Linking children's transfers to their parents.

MImmesberger commented 11 months ago

This PR is supposed to link transfers on the children level directly to their parents based on p_id_elternteil_1 and p_id_elternteil_2.

This affects the calculation of Kinderfreibetrag, Kindergeld, Erziehungsgeld and Elterngeld.

Additionally, take-up issues are relevant regarding the Kindergeld, Erziehungsgeld and Elterngeld (does p_id_elternteil_1 or p_id_elternteil_2 take up the transfer?).

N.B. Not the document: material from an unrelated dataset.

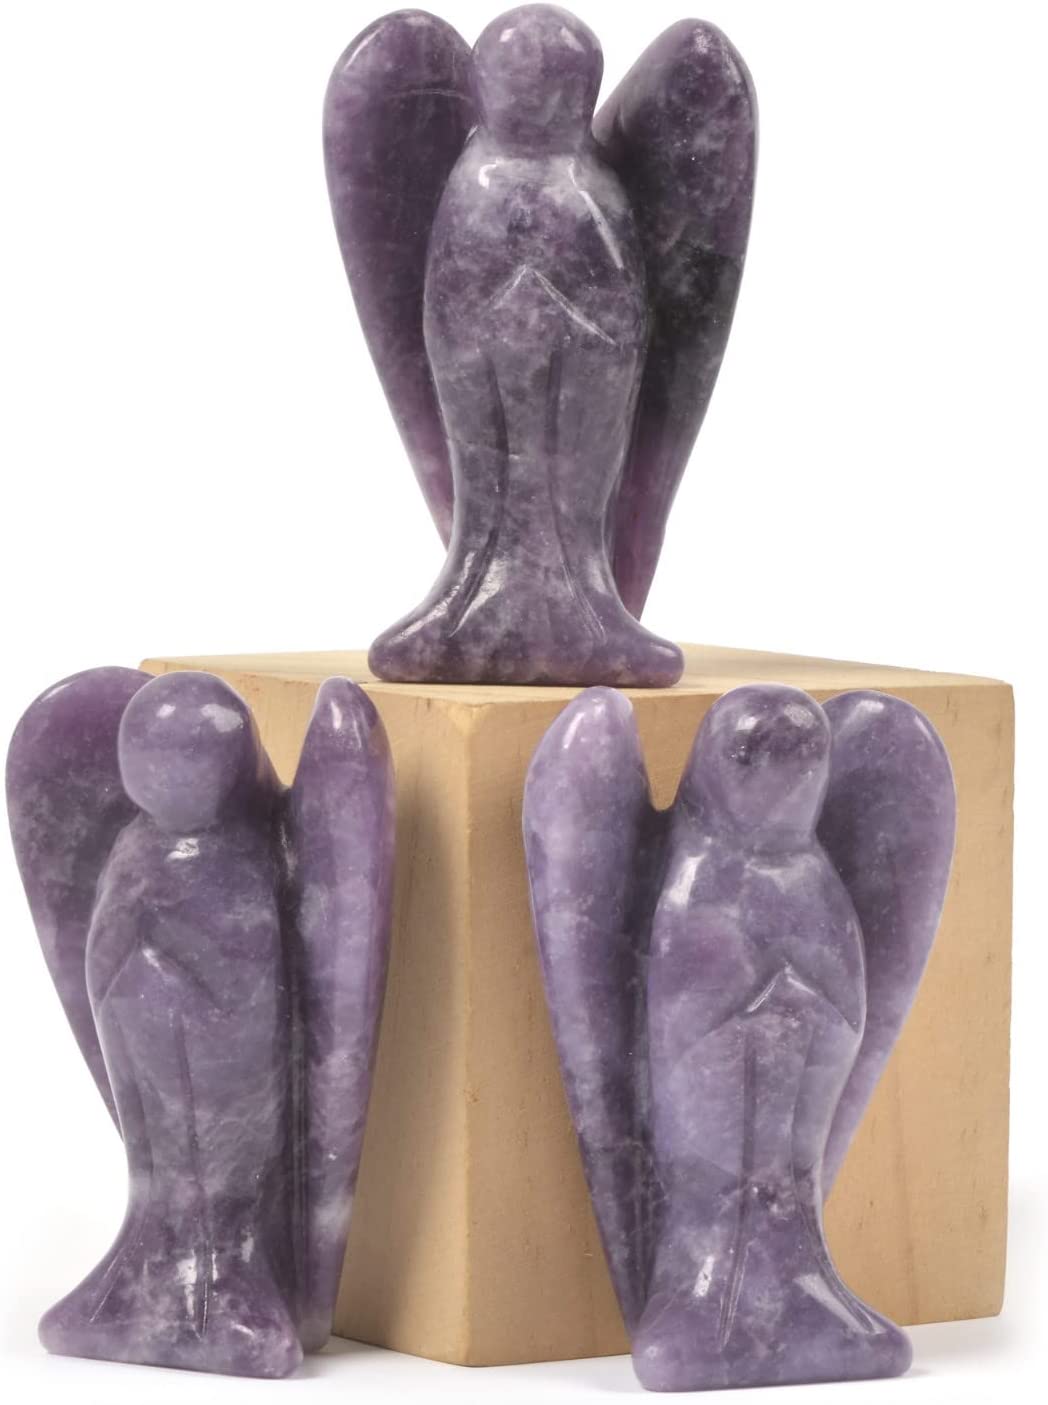 Reikistal Justinstones Carved Black Obsidian Gemstone Peace Angel Pocket Guardian Angel Healing Statue 2 inch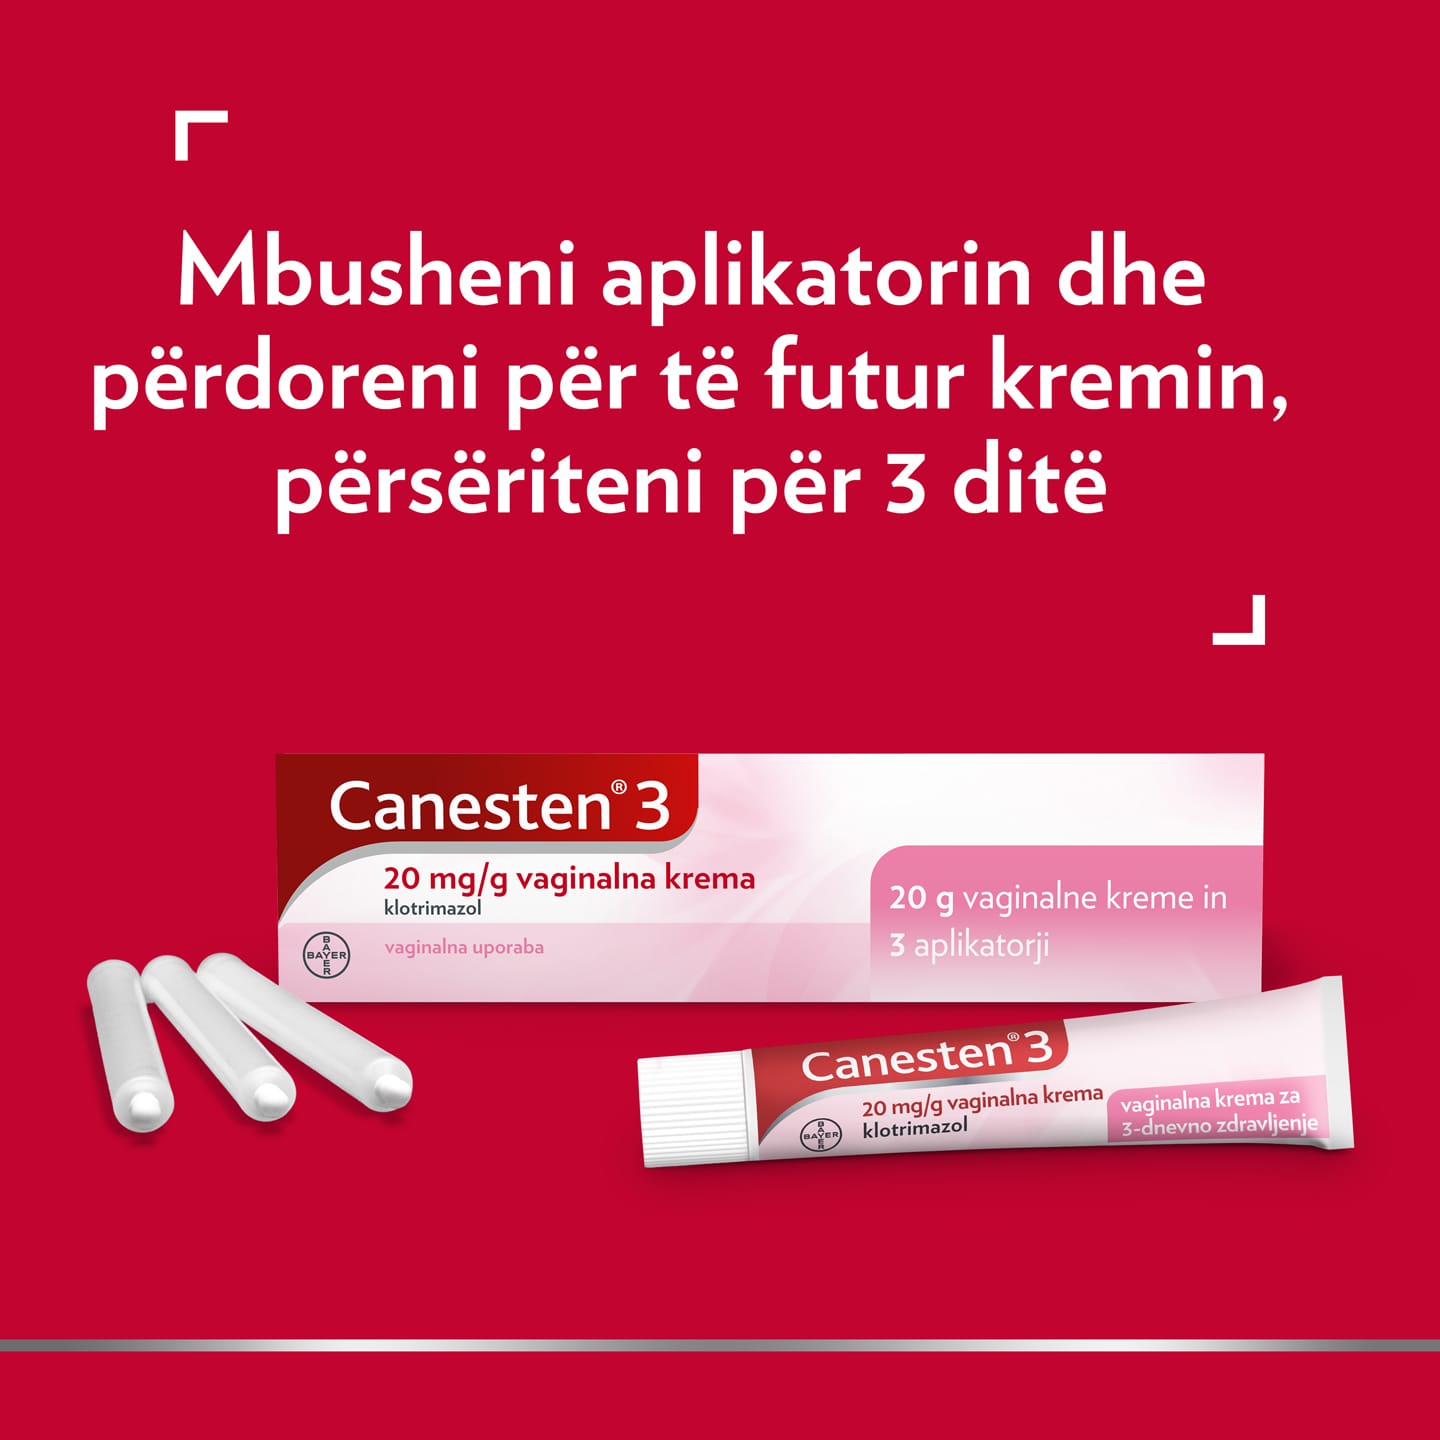 Canesten® 3 20 mg/g krem vaginal për mjekim të kandidozës, me titull në pjesën e sipërme: Mbushni aplikatorin dhe përdoreni për të vendosur kremin, përsëriteni për 3 ditë

MImmesberger commented 11 months ago

I thought about the implementation for some time and realised that having parents-children links would require larger changes to the grouping and aggregation code (at least _create_aggregation_functions and _create_derived_functions) as groups would be overlapping (because children belong to an "elternteil_1" and "elternteil_2" group and because children may have children themselves).

An alternative would be to handle p_id-specific operations across observations separately from the currently existing aggregation steps.

Have we already discussed how we want to implement his? @hmgaudecker @lars-reimann

hmgaudecker commented 11 months ago

Good points. My thinking has been somewhat sloppy indeed.

We may need a differentiation between variables
- Who is the reason for a claim (i.e., the kid)
- Who actually makes the claim / to whom it is paid out (Kindergeld) / who benefits from it (Kinderfreibetrag) (typically one or both parents, but for kids aged 18-24, it could actually be the kid itself, I believe)
We probably need three steps
1. Determining whether someone is reason for a claim (rules in BKGG §1, §2, store an indicator with the kid
2. Distribute Kindergeld across parents (not sure about institutions here, i.e., whether it makes sense to set half a claim for both and have a separate variable for payout, which is always to one person only; or to go with one payout only)
3. Distribute Kinderfreibeträge across parents (typically one each, but I think this can be overridden by choice)
For 2. and 3., the initial variables will be stored with the kid, then summed up by the each parent's p_id. Just need to make sure this is merged by p_id again, so the resulting vector has the correct length and order.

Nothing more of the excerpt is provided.